Titas Sadhu

Personal information
- Full name: Titas Sadhu
- Born: 29 September 2004 (age 21) Chinsura, West Bengal, India
- Batting: Right-handed
- Bowling: Right-arm medium
- Role: Bowler

International information
- National side: India (2023–present);
- ODI debut (cap 148): 5 December 2024 v Australia
- Last ODI: 11 December 2024 v Australia
- T20I debut (cap 78): 24 September 2023 v Bangladesh
- Last T20I: 9 January 2024 v Australia

Domestic team information
- 2021–present: Bengal
- 2023–present: Delhi Capitals

Career statistics
| Competition | ODI | T20I | FC | LA |
| Matches | 8 | 12 | 4 | 16 |
| Runs scored | 9 | 3 | 42 | 96 |
| Batting average | 3.00 | 3.00 | 14.00 | 10.66 |
| 100s/50s | 0/0 | 0/0 | 0/0 | 0/0 |
| Top score | 4 | 2 | 23* | 26 |
| Balls bowled | 368 | 216 | 372 | 670 |
| Wickets | 6 | 13 | 7 | 15 |
| Bowling average | 50.66 | 19.00 | 26.42 | 36.93 |
| 5 wickets in innings | 0 | 0 | 0 | 0 |
| 10 wickets in match | 0 | 0 | 0 | 0 |
| Best bowling | 2/42 | 4/17 | 4/30 | 3/32 |
| Catches/stumpings | 1/– | 3/– | 2/– | 3/– |

Medal record
Women's Cricket
Representing India
Asian Games
| Gold medal – first place | 2022 Hangzhou | Team |
ICC Under-19 Women’s T20 World Cup
| Winner | 2023 South Africa |  |
- Source: ESPNcricinfo, 20 February 2024

= Titas Sadhu =

Indian cricketer (born 2004)

Titas Sadhu (born 29 September 2004) is an Indian cricketer who plays for the Indian women's national cricket team and Bengal in domestic cricket. She was a part of the 2023 U19 Women's T20 World Cup winning Indian team and was named Player of the Match in the final.

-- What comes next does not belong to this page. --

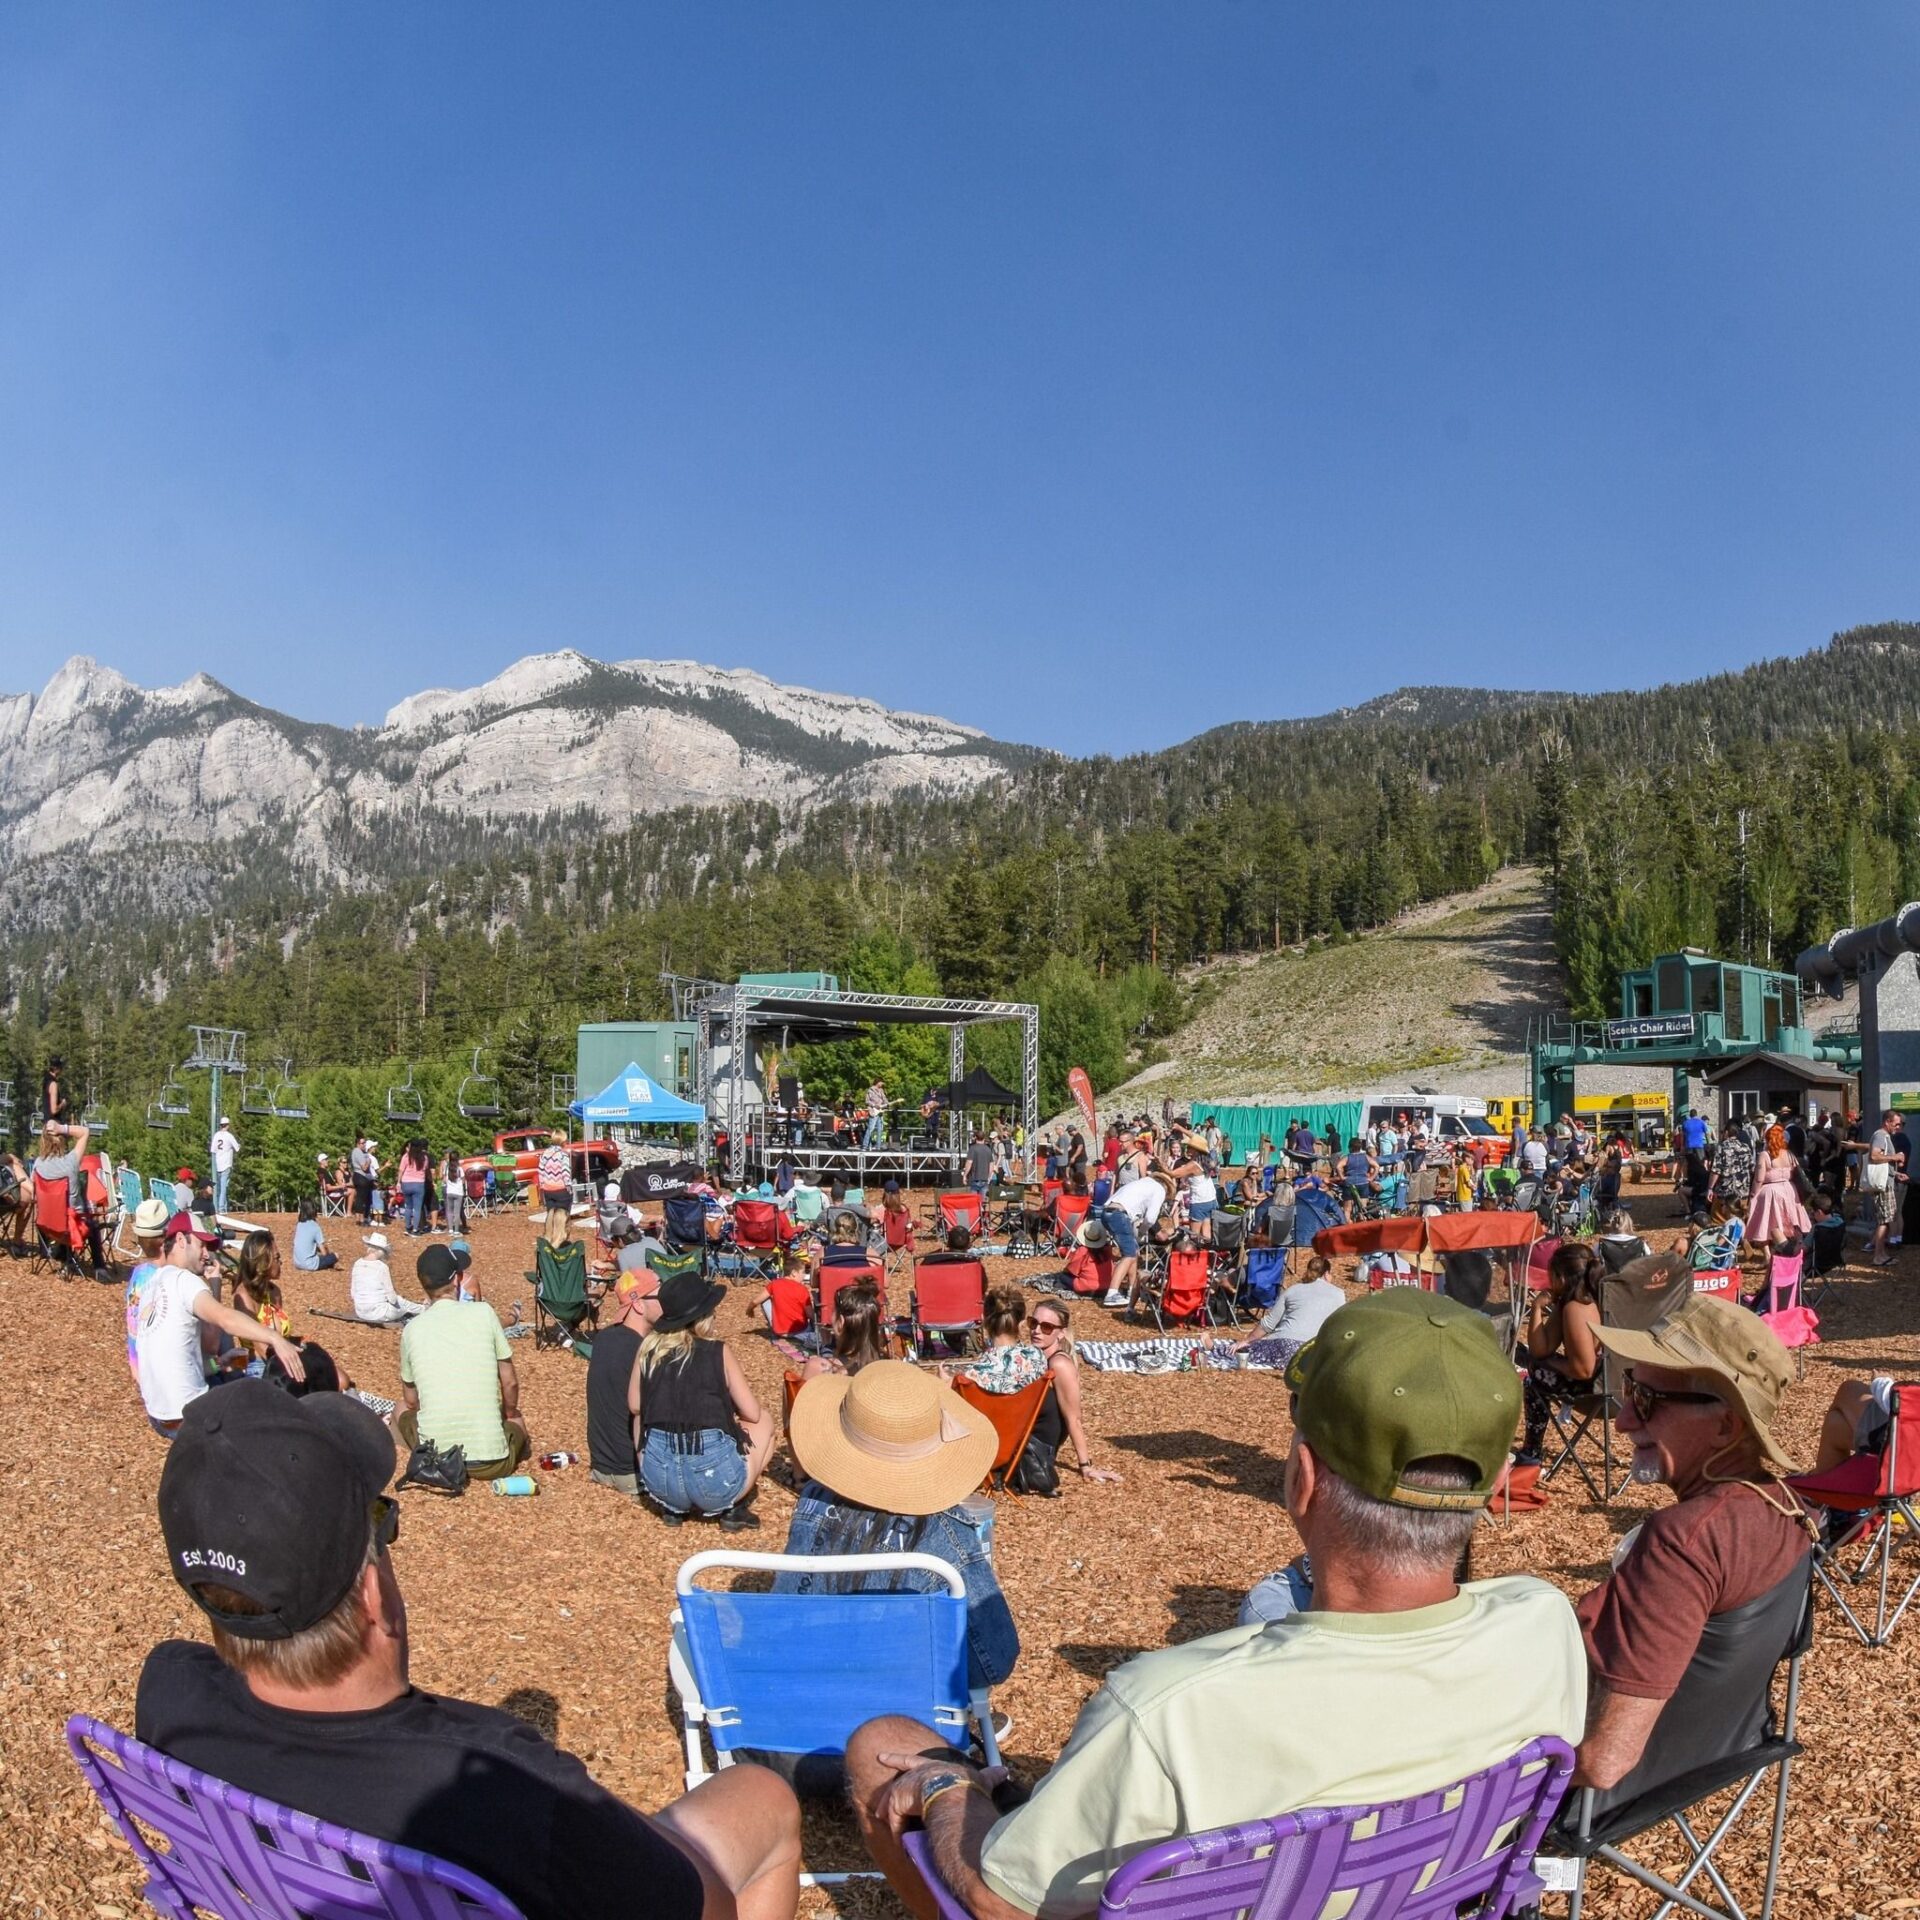 LEE CANYON ANNOUNCES MOUNTAIN FEST MUSIC FESTIVAL FEATURING BIRDIES AND

Sadhu made her WT20I debut on 24 September 2023 against Bangladesh at the 2022 Asian Games. In the same tournament, she played a key role as a bowler against Sri Lanka in the final, which was won by India. She was then supported by GoSports Foundation under Equal Hue Cricket Excellence Programme, which helped her get to the next level through various interventions (including a pitch made for her near her house so she has access to quality training without any hassle).

== Early life ==
Sadhu was born on 29 September 2004 in Chinsurah, West Bengal. At the age of 16, Sadhu was selected to play for the senior Bengal team. She used to study at Techno India Group Public School, Chuchura, Hooghly.

== Career ==
Sadhu was awarded the player of the match in the final of inaugural U19 Women's World Cup. In the 2023 Women's Premier League, Sadhu was part of the Delhi Capitals squad, but did not play a match.

In August 2023, she was selected in the India squad for the 2022 Asian Games. On 24 September 2023, she made her international debut for India against Bangladesh.

In December 2023, Sadhu was selected in India's ODI for series against Australia.